I'm hashing 64 bit integers via $ax+b \pmod{2^{64}}$. Good parameters mean that, given an $1 \leq n \leq 64$, the first $n$ bits of the first $2^n$ inputs are distinct. How should I chose $a$ and $b$ to maximize the number of $n$ this applies to?
Let me rephrase the question. I'm working with the function
$$ h_{a,b}(x) = a x + b \pmod{2^L} $$
where $L \in \mathbb{N}$ (it's 64) and $a,b,x \in [0;2^L-1]$. In addition, $a$ is an odd number, so that the function is bijective.
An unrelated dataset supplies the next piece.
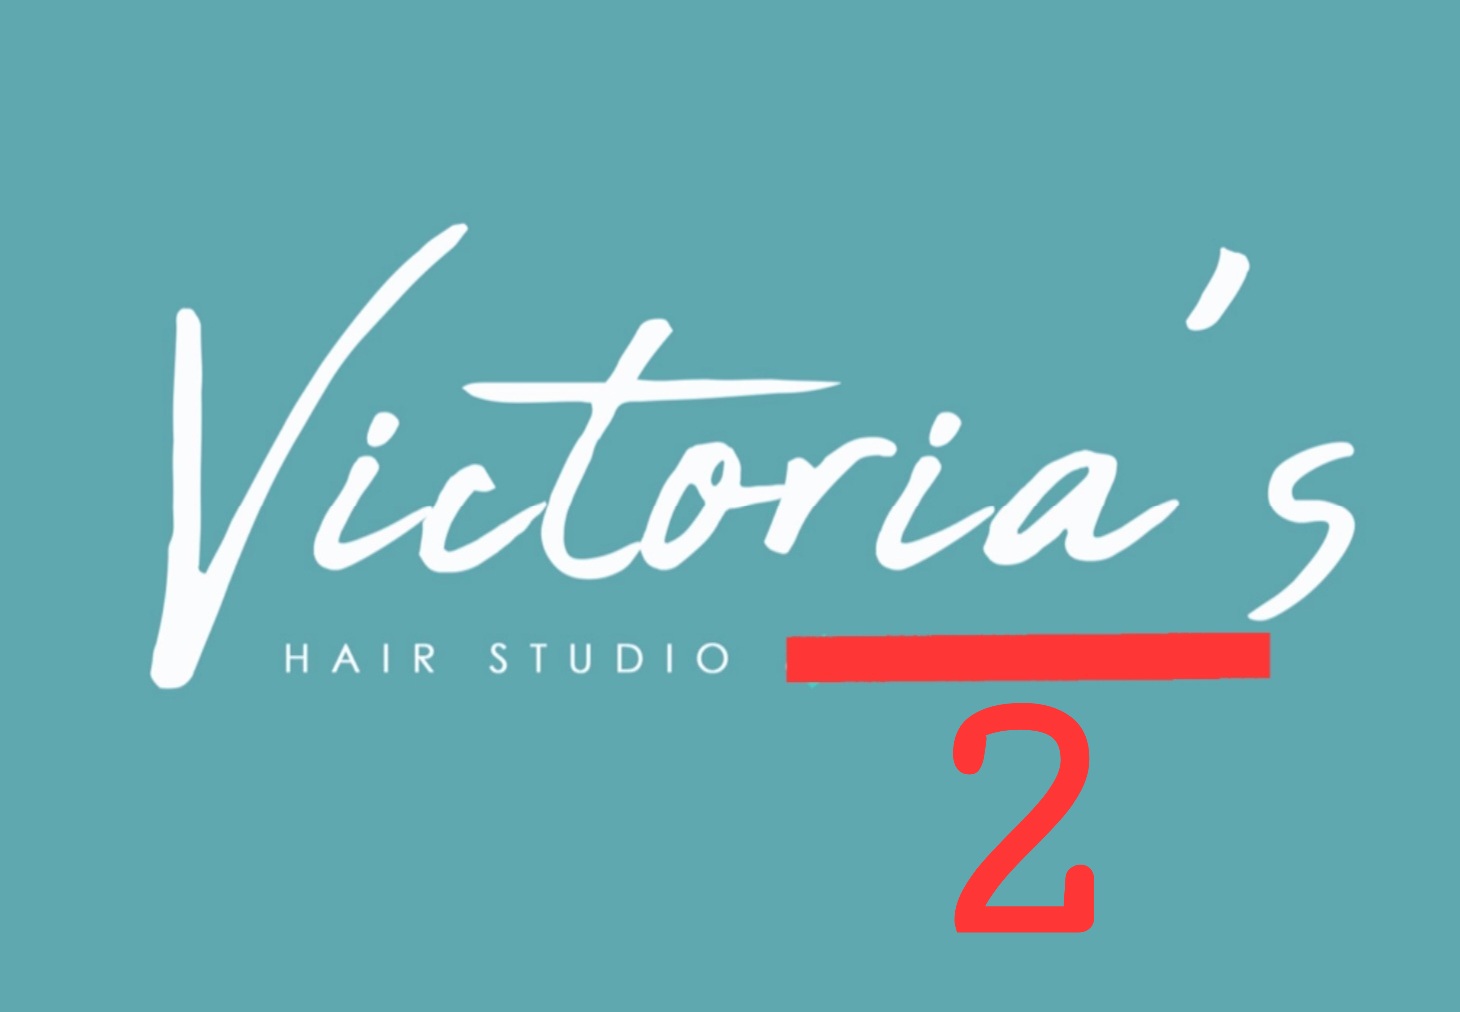 Victoria's Hair Studio 2 in Salon and Spa Galleria Victoria McClanahan 4300 Boat Club Rd, Lake Worth Texas 76135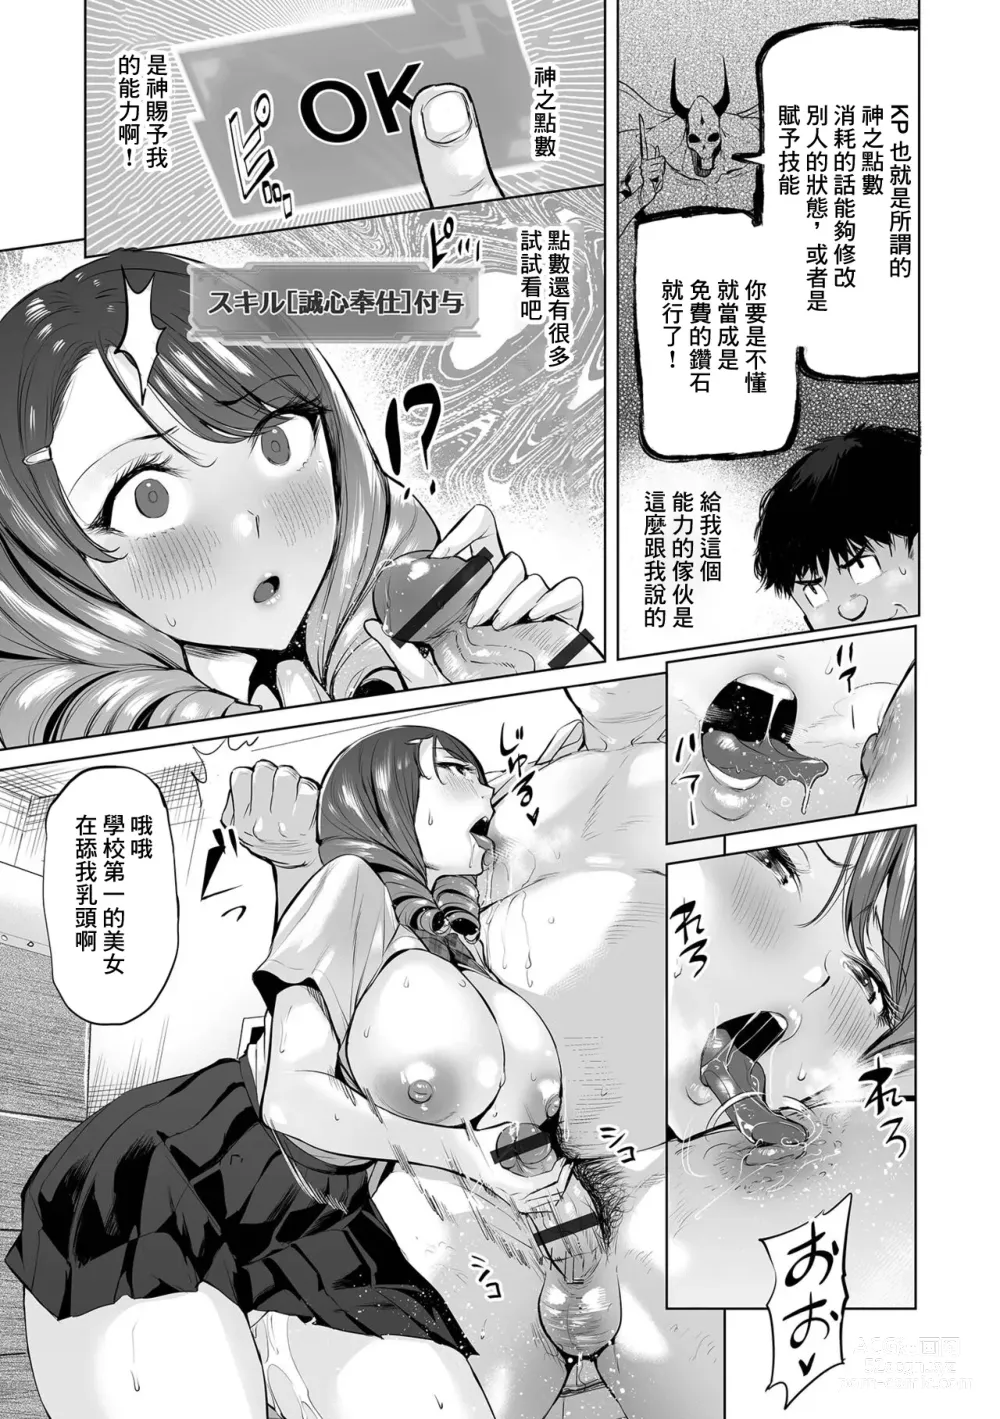 Page 5 of manga Ijire! Ero Status

For $1 \leq n \leq L$, I'm considering the first $n$ bits of the image of the first $2^n$ natural numbers:
$$ H_{a,b} (n) = \left\{r \, \left\vert \, \exists 1 \leq p \leq 2^n: r = \left\lfloor \frac{h_{a,b}(p)}{2^{L-n}} \right\rfloor \right\} \right. $$
The parameters $a, b$ are successful for an $n$ if $|H_{a,b}(n)| = 2^n$, i.e. all first-n-bits of the first $2^n$ natural numbers are unique.
I'm looking for $a,b$ that are successful for as many $n$ as possible. In particular, for all small $n$.
How should I go about calculating $a$ and $b$? I'm currently running a program to find them, but surely there must be a better way?